Within each long chapter, major sections can be skipped. Those interested in directly heated output triodes need not read sections on pentodes.

And so forth. Here is a list of chapters in which I have multiple bookmarks. Remember, I am interested in audio frequency music reproduction by tubes. Your own interests might be different. And we should note that my bookmarks fall much more heavily in the sections of these chapters in which I am interested (triodes rather than pentodes), instead of being equally divided.

...
4. Theory of Networks
This chapter is a complete introduction to electricity and circuit components and their resultants such as capacitance, inductance, impedance and admittance; it also takes in filters. Everything you ever wanted to know about circuits but were embarrassed to ask.
5. Transformers and Iron-cored Inductors
Essential reading before you speak to a winder about a custom transformer, and essential to an understanding of how tube amps work.
6. Mathematics
An introduction and graded treatment with worked examples of all the mathematical procedures used in designing an amplifier, including vector math for determining phase relationships. Also applicable to speakers.
...
10 Calculation of Inductance
...
12. Audio Frequency Voltage Amplifiers
13. Audio Frequency Power Amplifiers
These two chapters, spanning 122 pages, comprise the most complete guide to the design and operation of audio amplifiers in print anywhere. Others may be padded thicker, but this is the core from which they all derive. Why go for interpretations when you can mine the motherlode?
14. Fidelity and Distortion
....
19. Units for the Measurement of Gain and Noise
20. Loudspeakers
21. The Network between the Power Output Stage and the Loudspeaker
...
30. Rectification
31. Filtering and Hum
These two chapters together contain all the essentials of power supply and decoupling.
....
33. Current and Voltage Regulators
...
38. Tables, Charts and Sundry Data
Some of the tables can save a lot of tedious iterative calculation.

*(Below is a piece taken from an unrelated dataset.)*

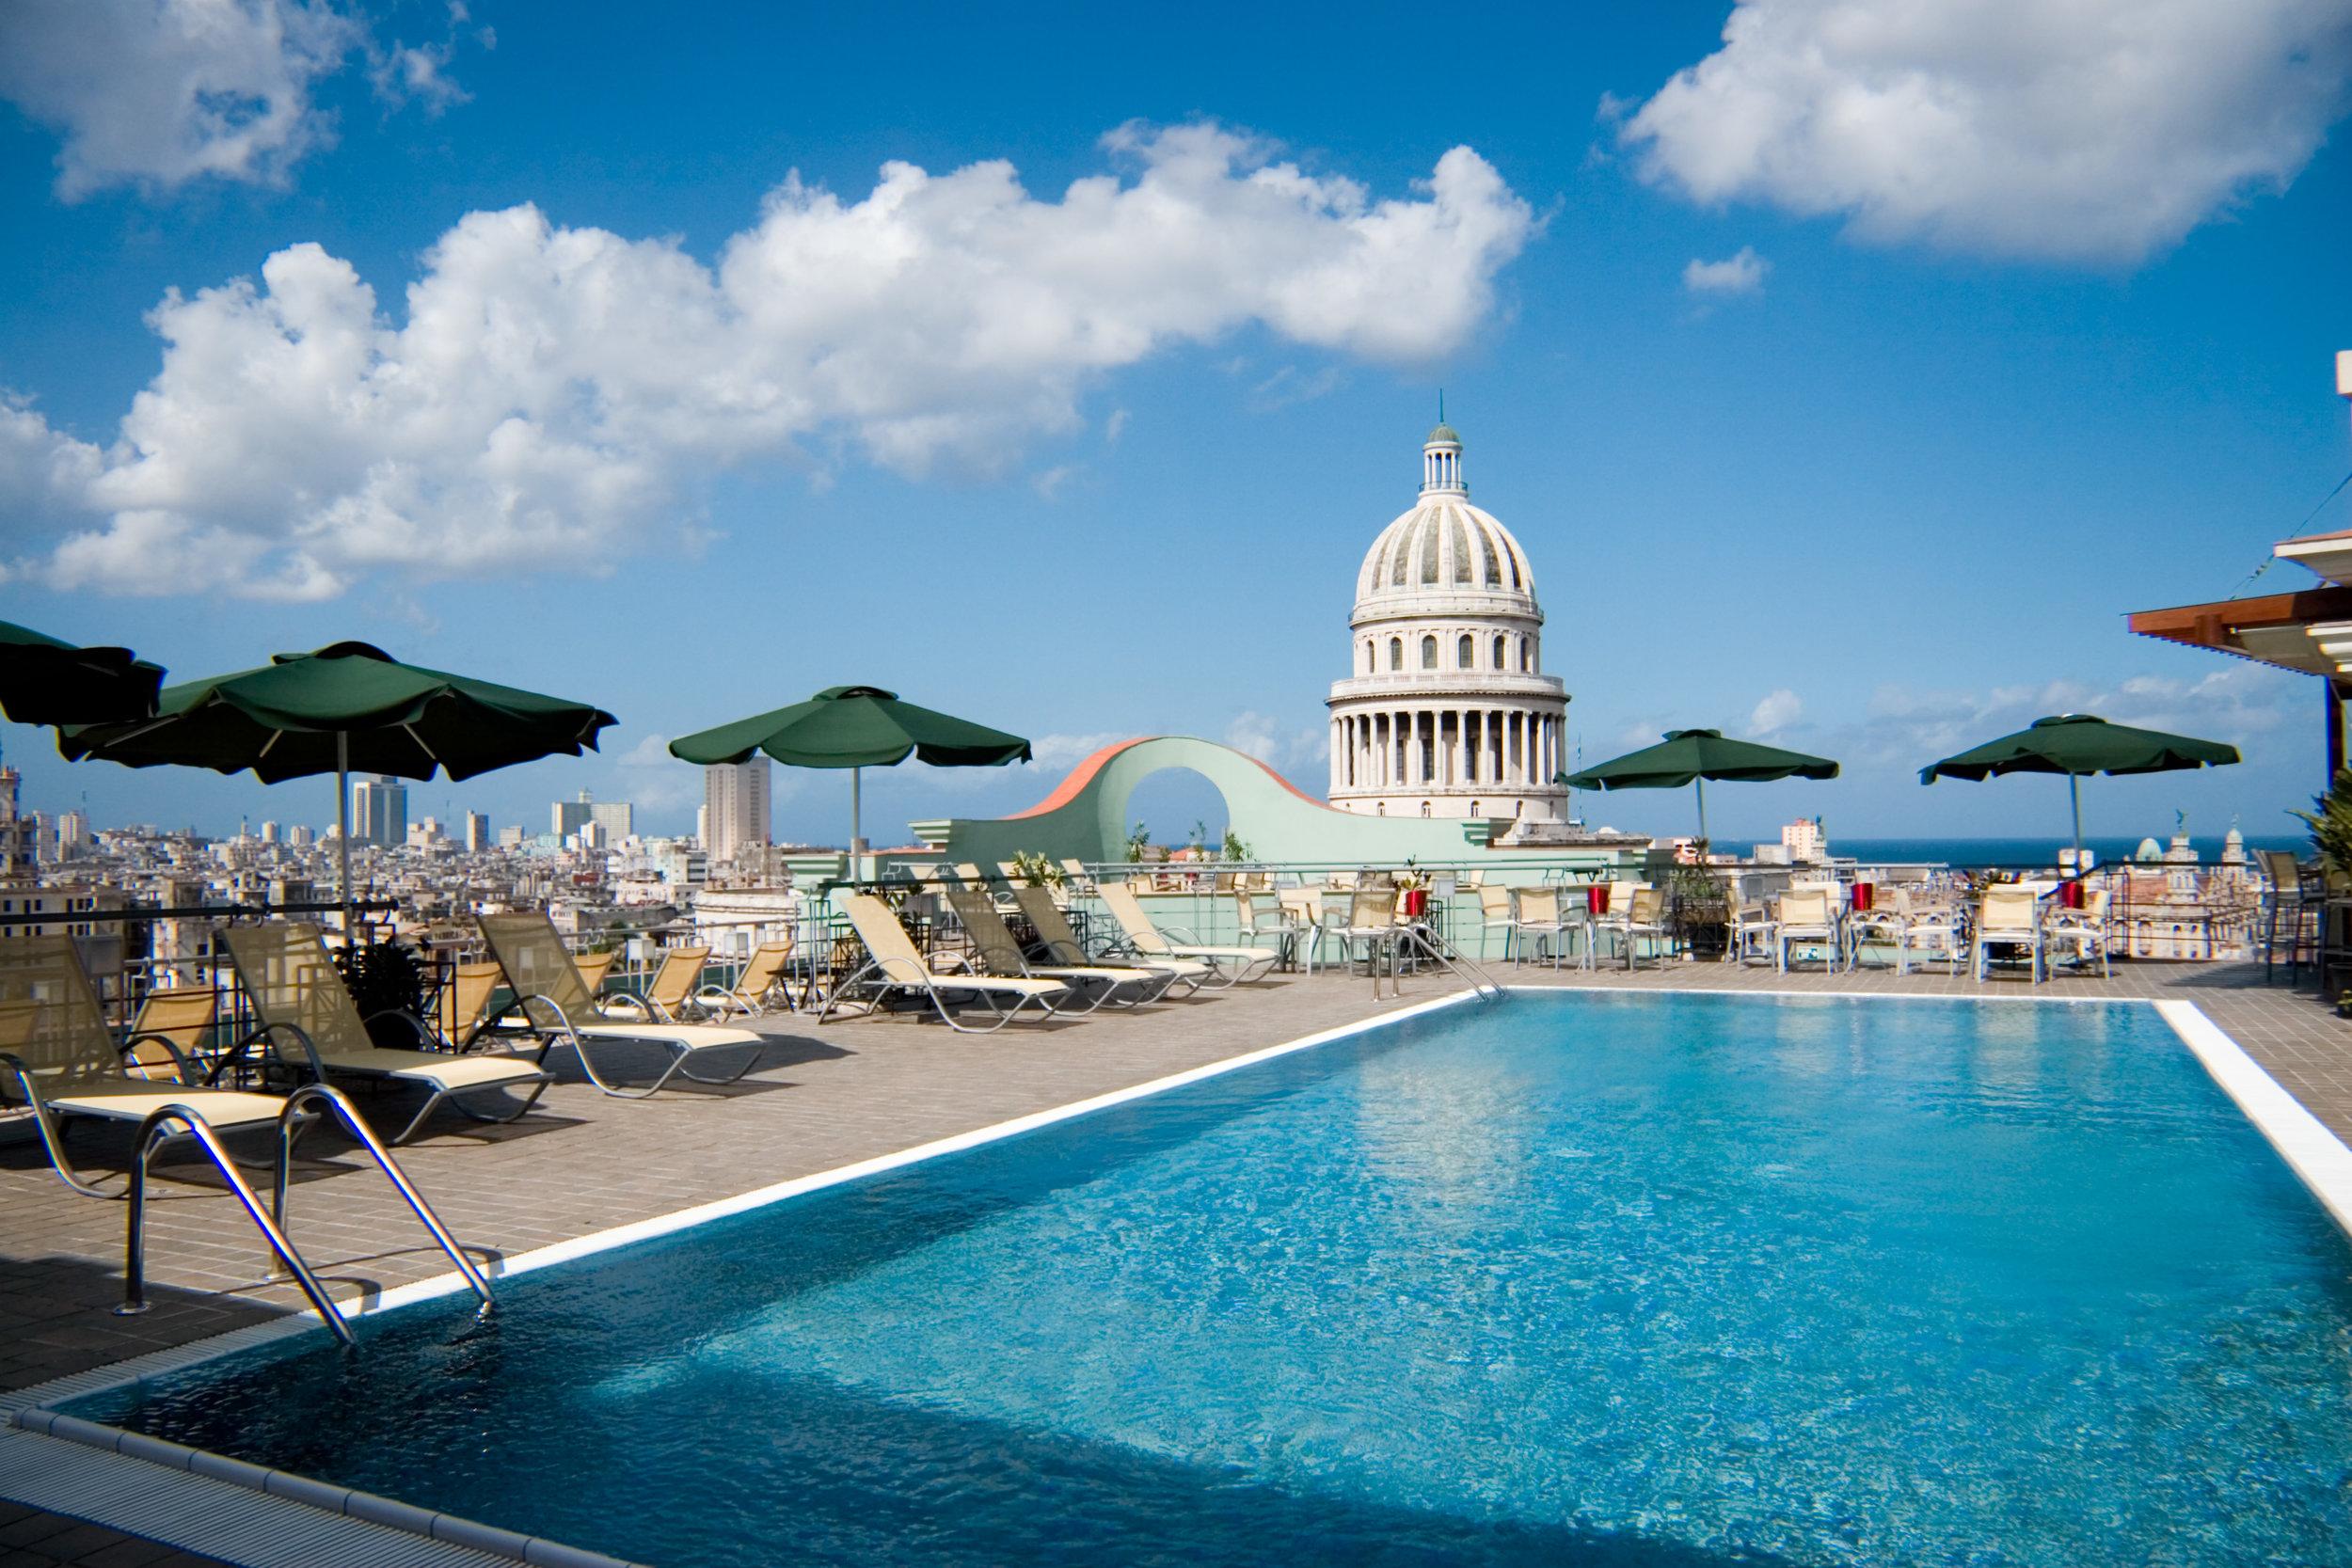 THE INGLATERRA HOTEL -

All in all, this iconoclastic treatment has reduced the 1498 pages of the unabridged RDH to the 400 odd pages of information without which one cannot design a tube amp.  Considering the small size of the the print, and the paddingless density of the information, that’s still an exceedingly hefty textbook, but ignoring any part of it can lead to expensive waste of components.

The beauty of this approach is that the contents list and the index will unfailingly lead you back to whatever you need in the other sections only when you need it.

Can I recommend the RDH?

Need you ask? There is nothing else like it. It is the one essential handbook, an outstanding bargain at the Newnes price, and the only possible complaint is that it is too much of a good thing.

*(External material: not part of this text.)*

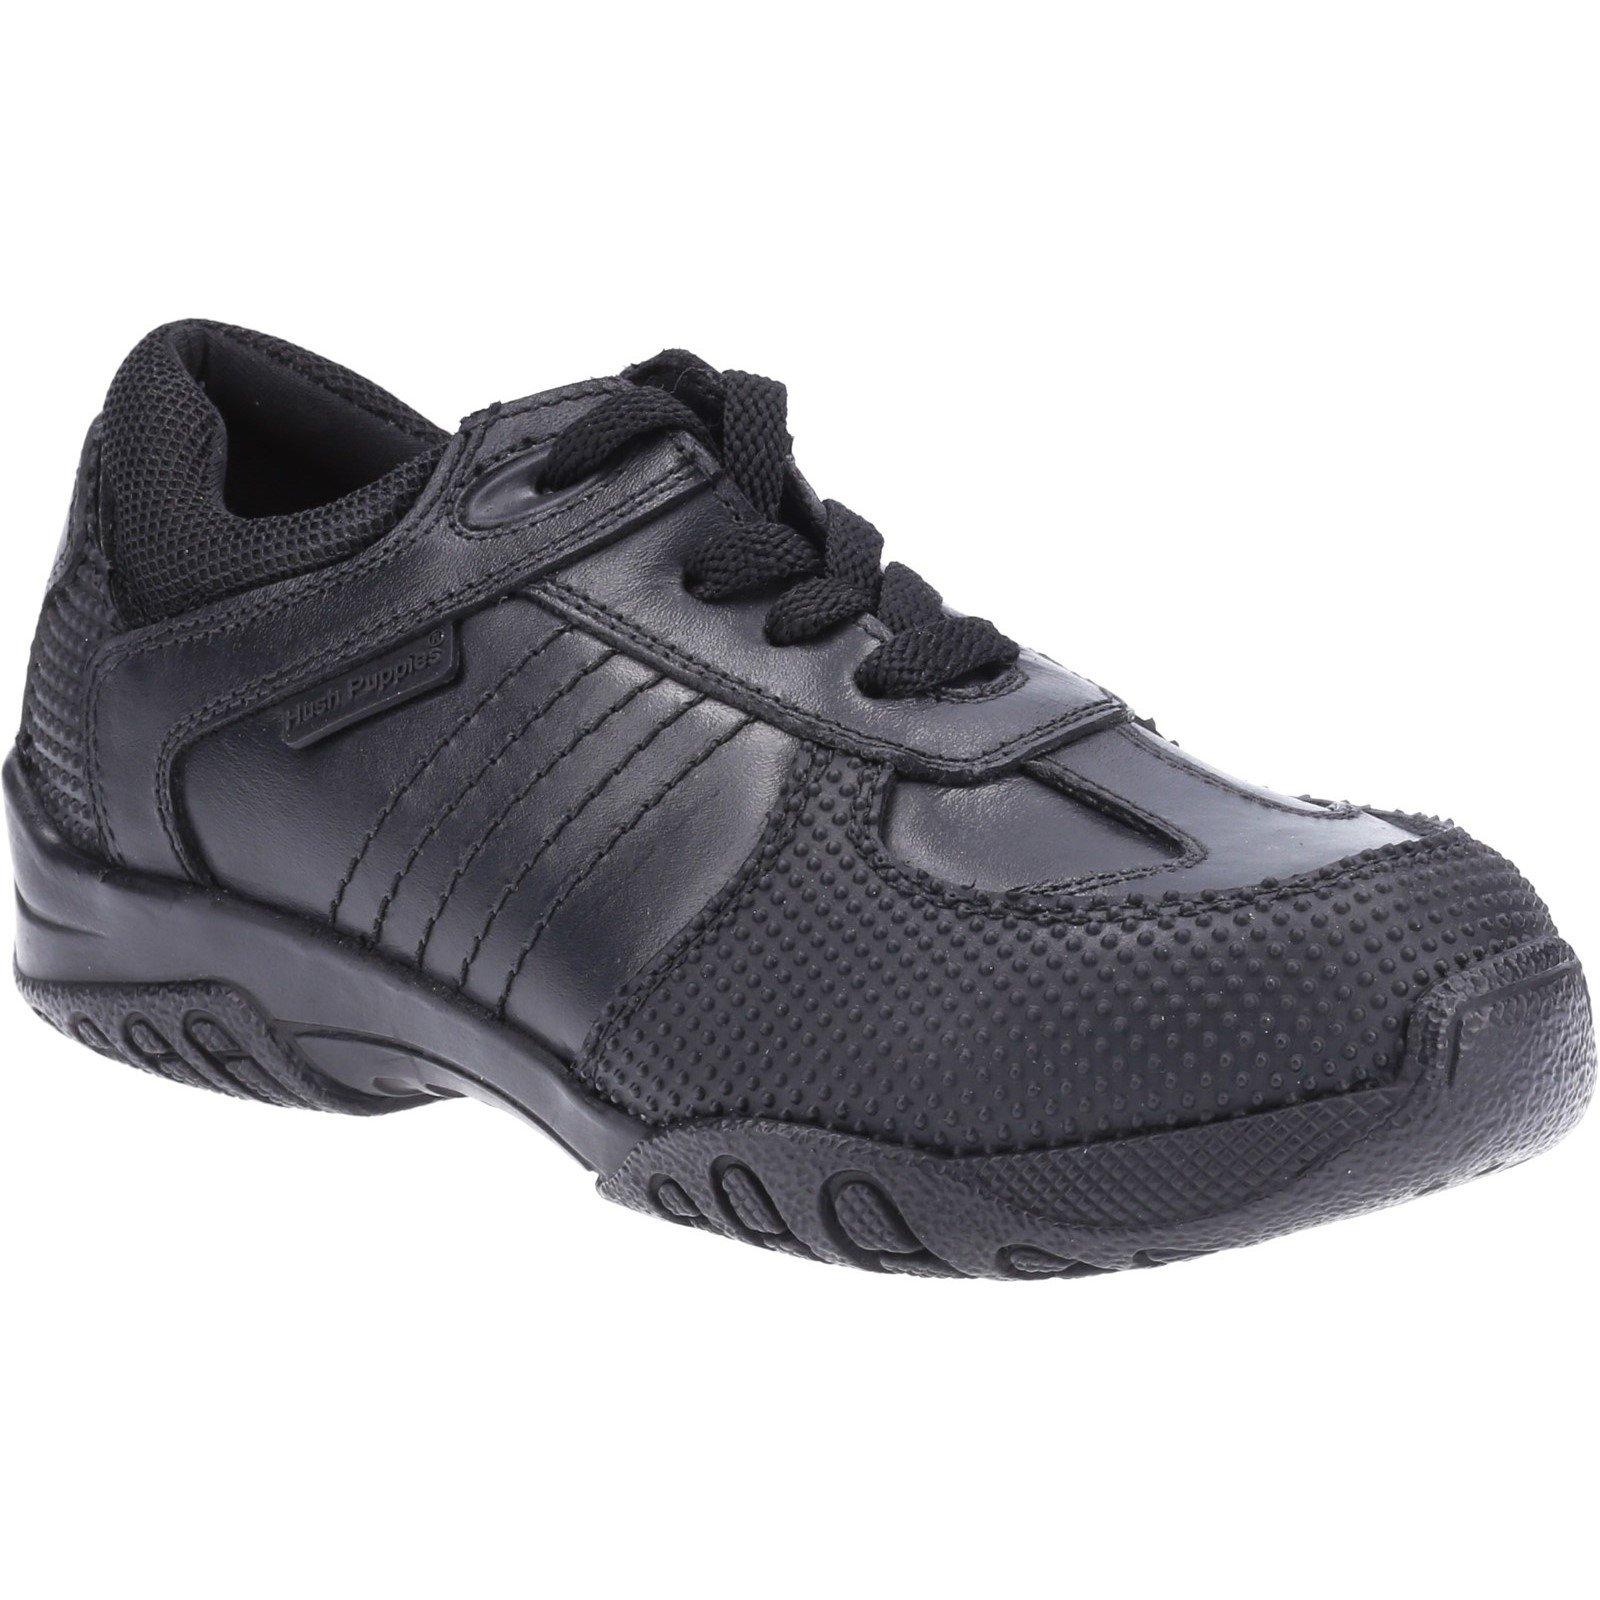 Hush Puppies Kid's Jezza Junior School Shoe Black 32587 - Black 13.5

Don’t be frightened off. Treat it resolutely as a mix and match menu of information from which you can select only what you need at any one time, and you can’t go wrong, especially since you can be supremely confident that anything you don’t understand is explained somewhere else and is instantly accessible through the contents and index.

© 1999 Andre Jute

André Jute was educated at universities in South Africa, Australia and the United States in psychology, economics and business management. He has worked in advertising, management consulting, and as a political and military advisor, and is now Chairman of the graphic and industrial design house Communication Jute. He is a distinguished novelist and writes a column on classical music read every week by 9.2m music lovers. Before taking up tube amp design, he designed and built complete automobiles.